### Exercise data:
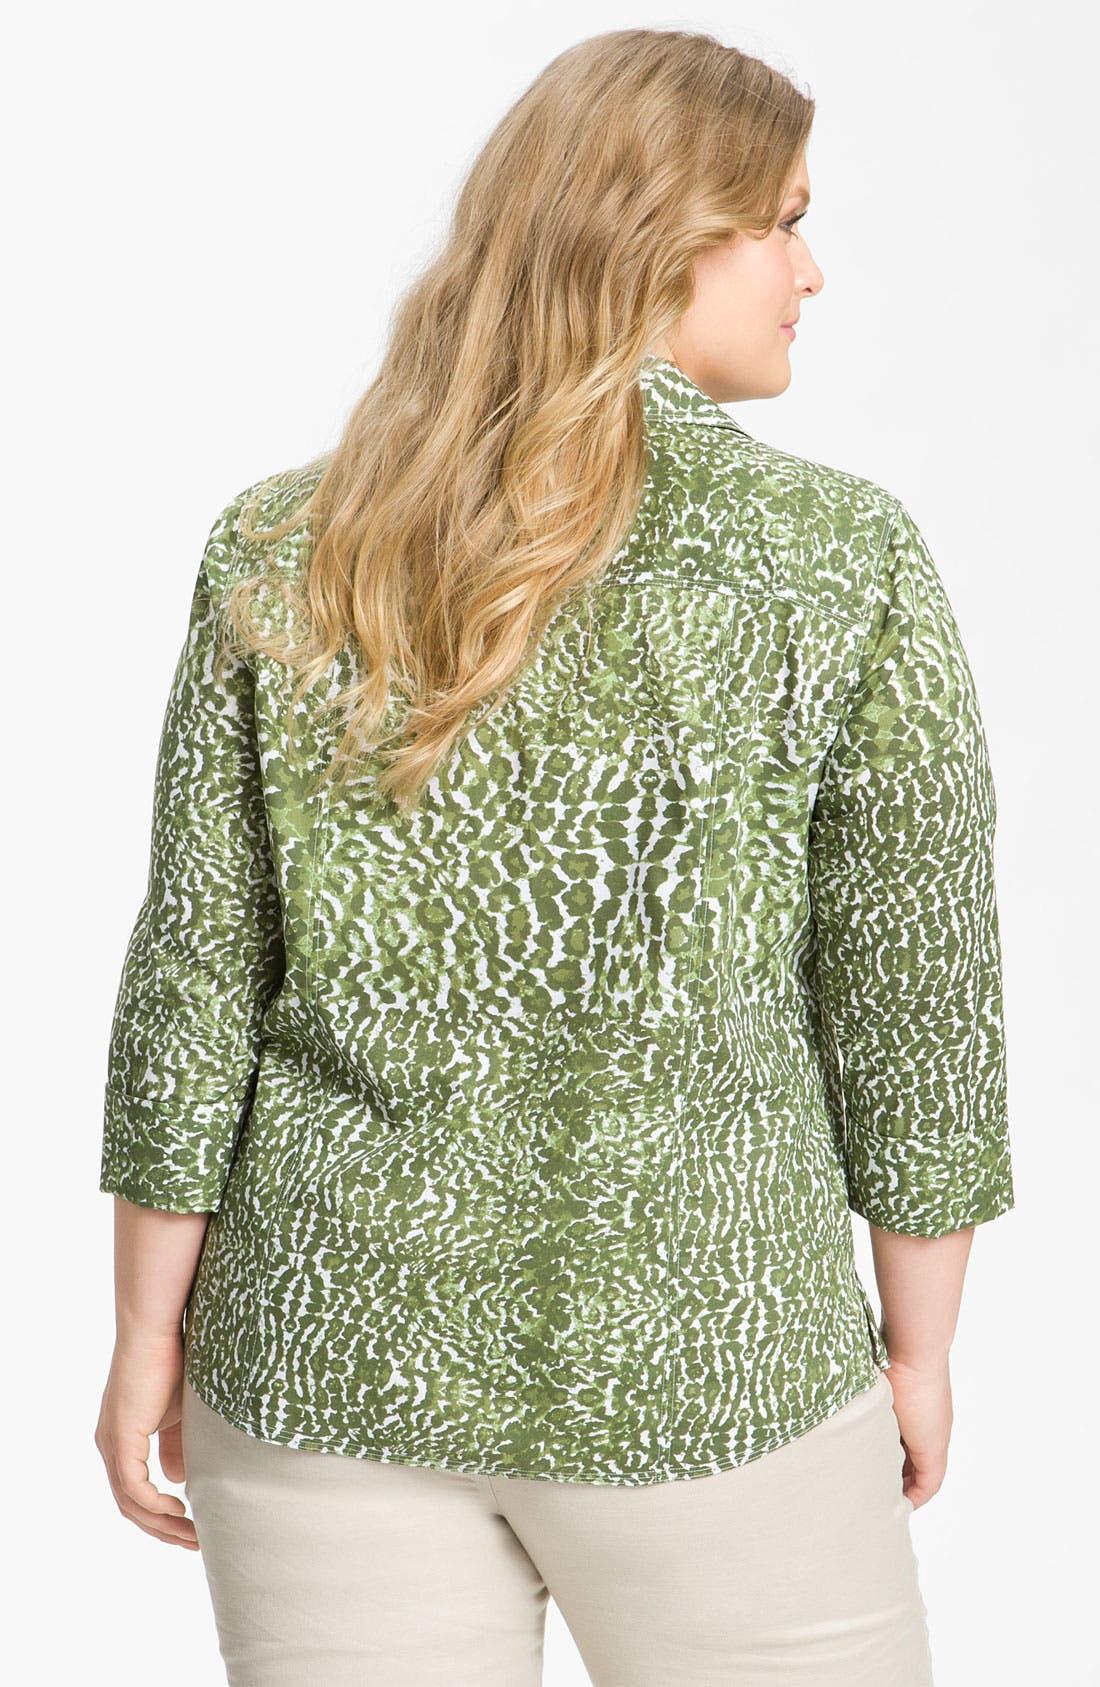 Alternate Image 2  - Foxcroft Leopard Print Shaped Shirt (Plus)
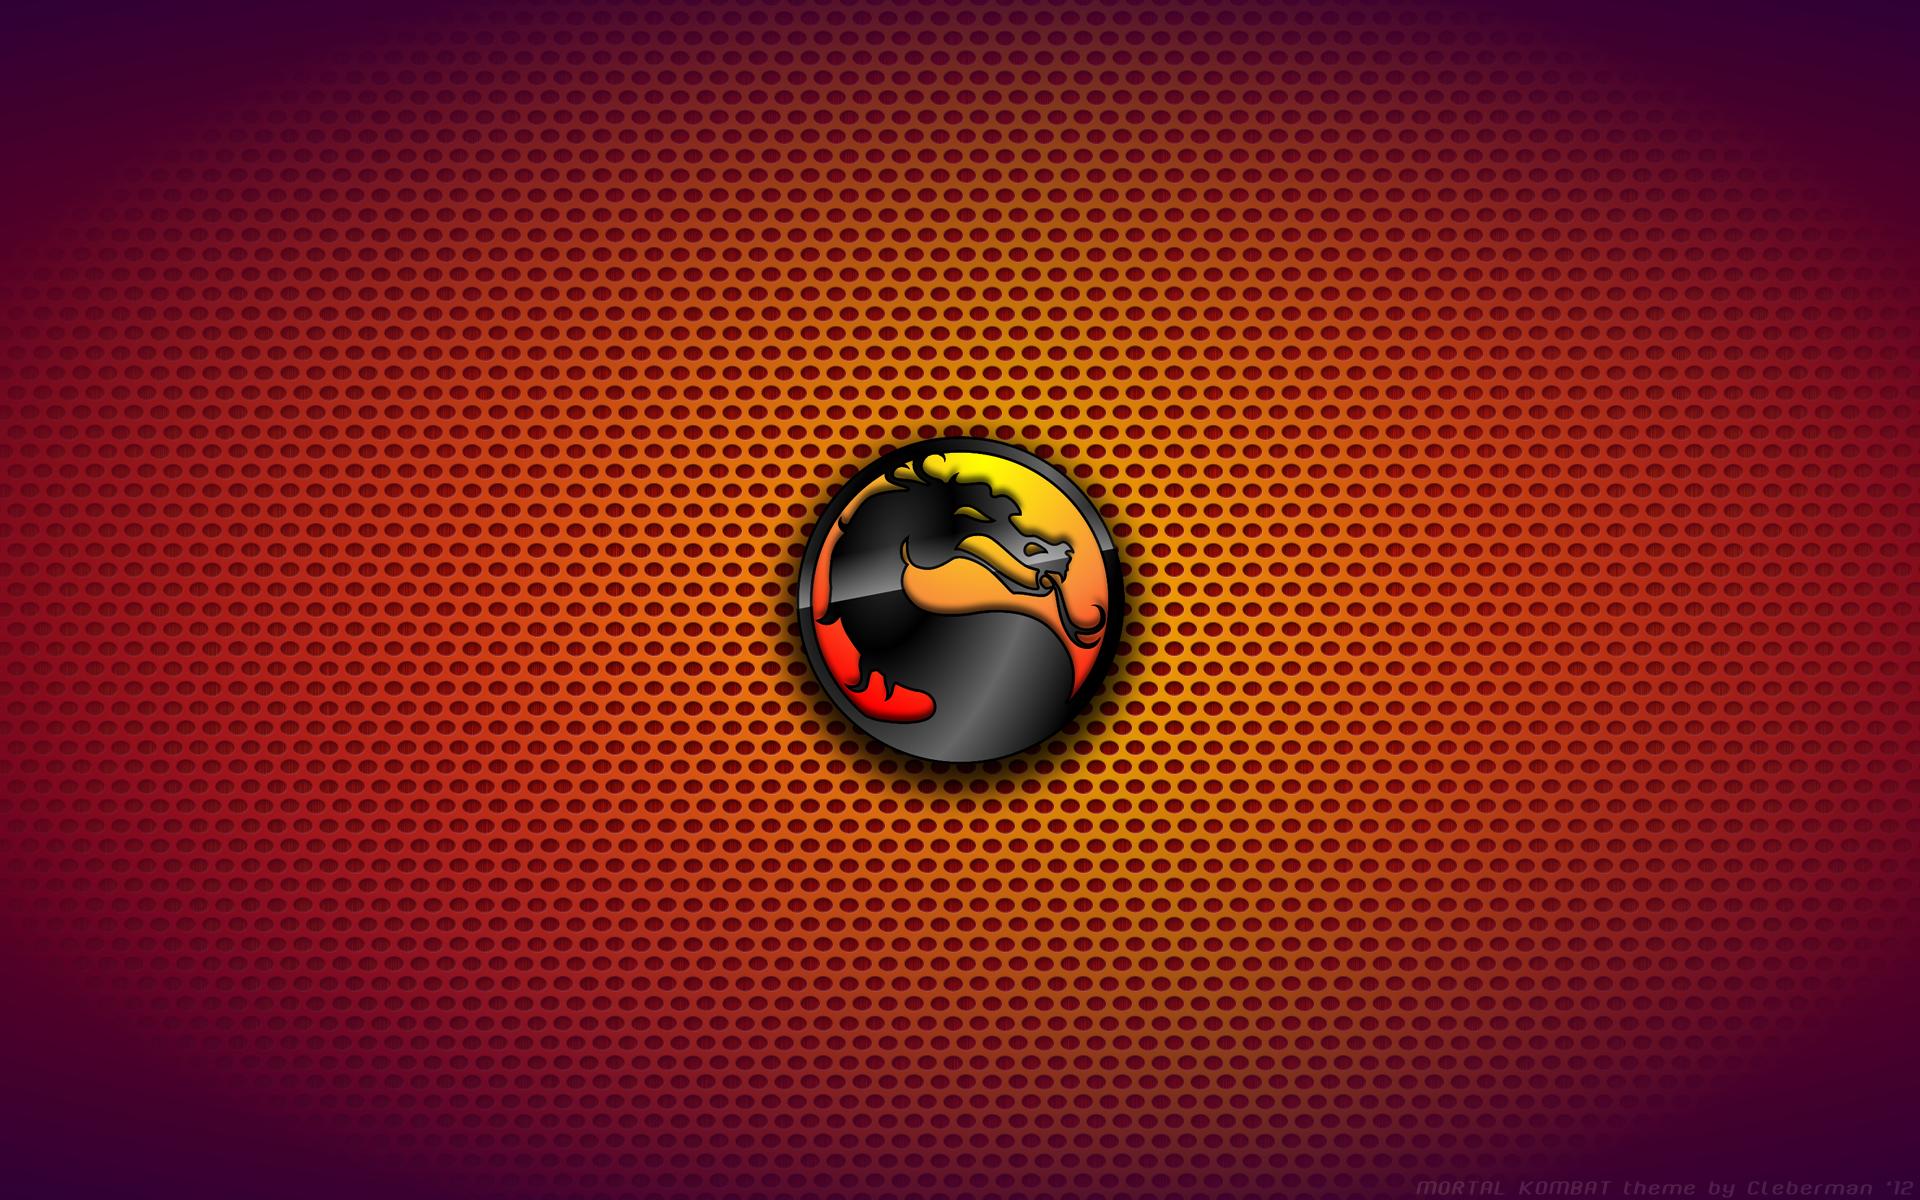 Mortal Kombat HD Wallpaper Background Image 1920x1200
* * *
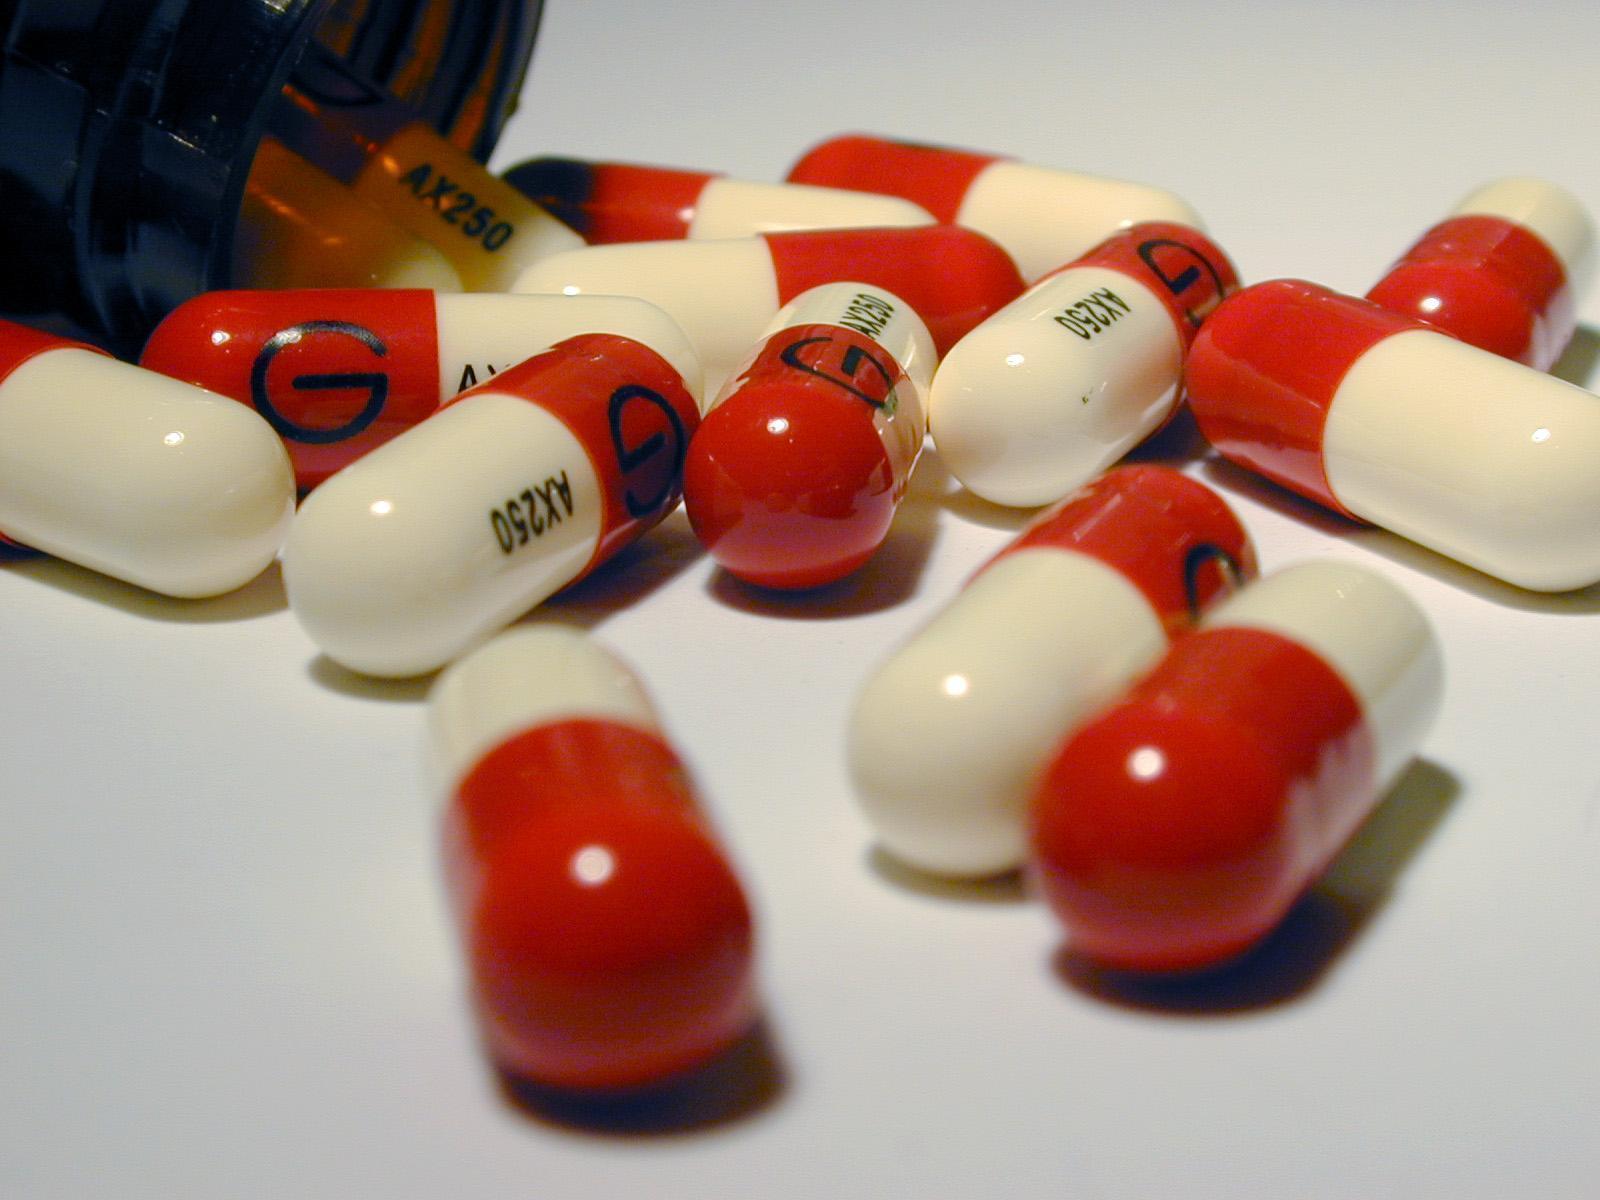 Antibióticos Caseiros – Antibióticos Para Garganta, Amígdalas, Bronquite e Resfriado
...
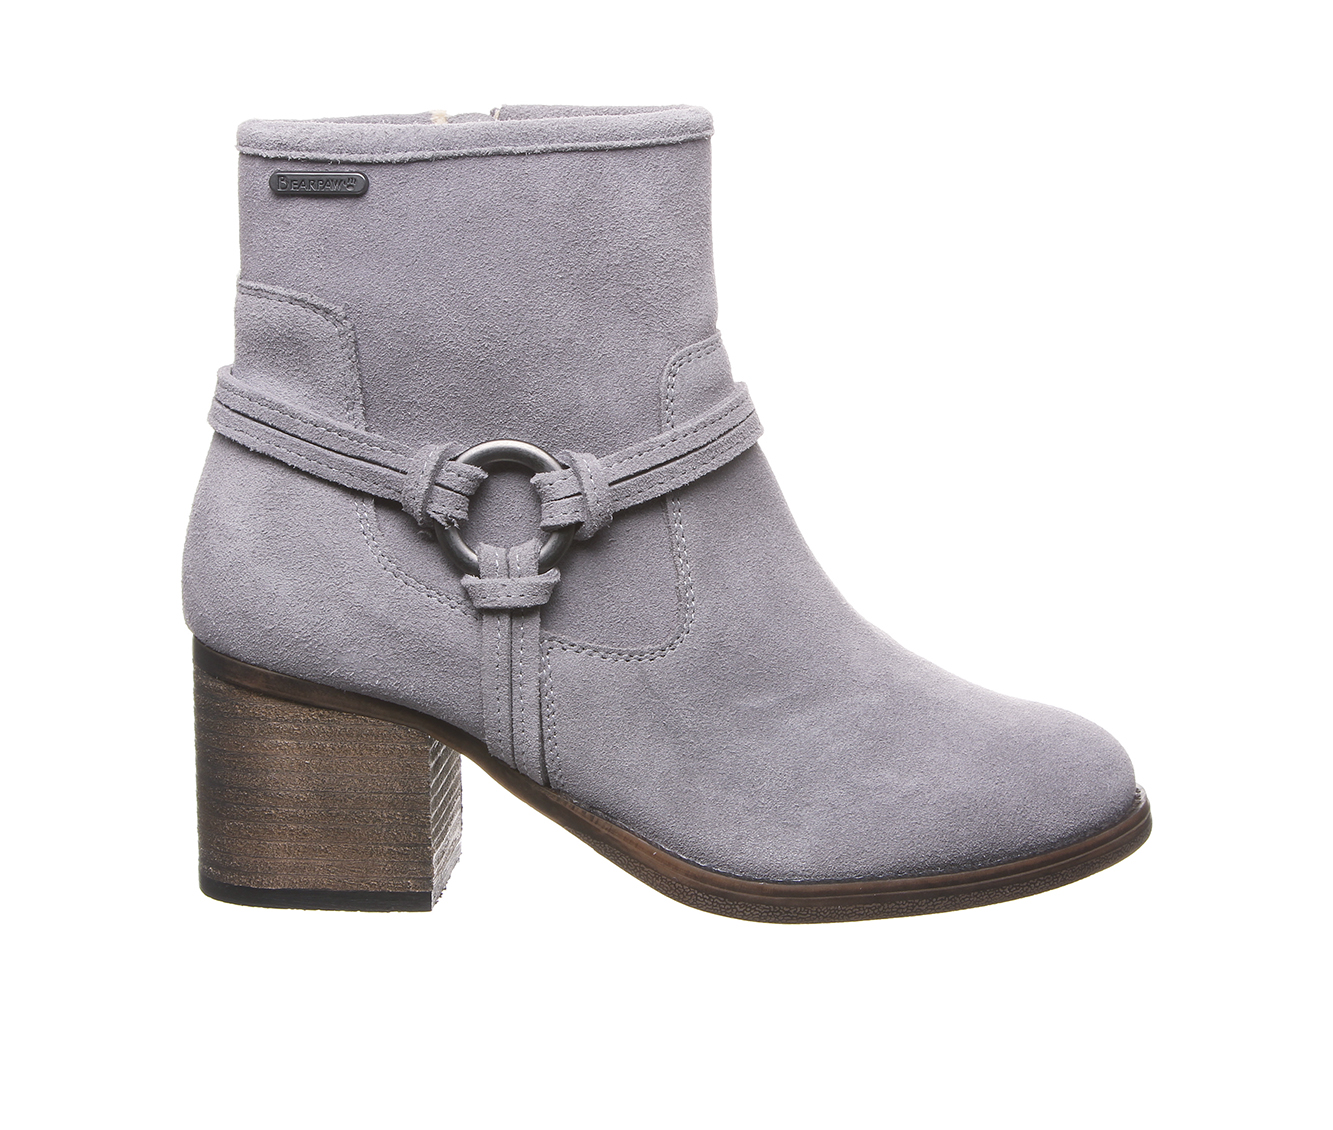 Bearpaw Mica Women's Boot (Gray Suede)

### Work request:
Only the lines above starting with the line with "Alternate Image 2" and going on through the line with "Mortal Kombat HD" belong in the answer; repeat them exactly, minus any picture.

### Answer to the problem:
 Alternate Image 2  - Foxcroft Leopard Print Shaped Shirt (Plus)
 Mortal Kombat HD Wallpaper Background Image 1920x1200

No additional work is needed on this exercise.